Nov. 8, 2024

Let me tell you something about machines that promise to make life easier. Back when I worked at the post office, they brought in this fancy mail sorting system. “It’ll revolutionize everything,” they said. Six months later, we had twice the backlog and three times the headaches. Now I’m watching the same damn story play out with these AI search engines, only this time they’re not just screwing up the mail – they’re coming for the whole internet.

I’m writing this through the fog of a hangover, but even with my bourbon-addled brain, I can see where this train wreck is headed. These new AI search bots – Perplexity, Gemini, whatever the hell else they’re calling them – they’re like that guy at the bar who listens to everyone’s conversations and then repeats them back in a fancy accent, pretending he came up with it all himself.

Here’s the real deal: these things are designed to read everything on the internet, digest it, and spit it back out in nice, neat little summaries. Sounds convenient, right? Just like that automated sorting machine sounded convenient until it started shredding people’s Christmas cards.

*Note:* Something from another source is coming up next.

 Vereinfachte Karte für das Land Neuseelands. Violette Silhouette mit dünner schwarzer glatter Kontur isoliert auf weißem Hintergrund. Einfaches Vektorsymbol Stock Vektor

The problem isn’t that these bots are stupid – it’s that they’re too damn smart for their own good. They’re like the ultimate middleman, standing between you and every website out there, saying “Don’t worry, I’ll tell you what they said.” But here’s what nobody’s talking about: websites need visitors like I need my morning coffee (with a splash of whiskey). They survive on people actually showing up, clicking around, seeing ads, maybe buying something.

News Corp is throwing a fit about it, suing Perplexity AI. Can’t say I blame them. It’s like someone setting up a booth outside your bar, telling all your customers what’s on tap inside, and then sending them home with a sample. Sure, they might give you credit for the beer, but you’re still going broke.

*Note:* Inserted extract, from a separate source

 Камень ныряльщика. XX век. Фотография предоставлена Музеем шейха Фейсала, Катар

But here’s the kicker – copyright law isn’t going to save anyone. I learned about copyright law the hard way when I tried to publish my post office memoirs. These laws weren’t built for this kind of problem. They protect creative work, not facts. You can’t copyright the truth, even if you spent ten years and your liver function discovering it.

The government thinks they can fix this mess. Australia and Canada are already forcing platforms to pay news organizations. It’s like when management would solve workplace disputes by throwing pocket change at us. Doesn’t fix the problem, just makes everyone angrier and more confused.

You want to know what’s really at stake here? It’s not just money – it’s the whole messy, beautiful chaos of human expression. These AI systems want to turn the internet into one giant corporate memo, all clean and sanitized and “efficient.” They want to strip away all the rough edges, all the personality, all the humanity that makes the internet worth visiting in the first place.

I’ve spent enough time around machines to know they’re not evil – they’re just doing what they’re programmed to do. But sometimes what they’re programmed to do is kill everything that makes life interesting. The internet was supposed to be the last free corner where regular people could speak their minds, share their stories, make a living being themselves.

Look, I’m not saying we should grab our pitchforks and storm the AI companies. But somebody needs to figure out how to keep the human element alive in all this. Because if we don’t, we’re going to wake up one morning to find out the whole internet has been reduced to a series of efficient, soulless summaries, regurgitated by chatbots that wouldn’t know authentic human expression if it bought them a drink.

And that thought’s enough to make me pour another bourbon.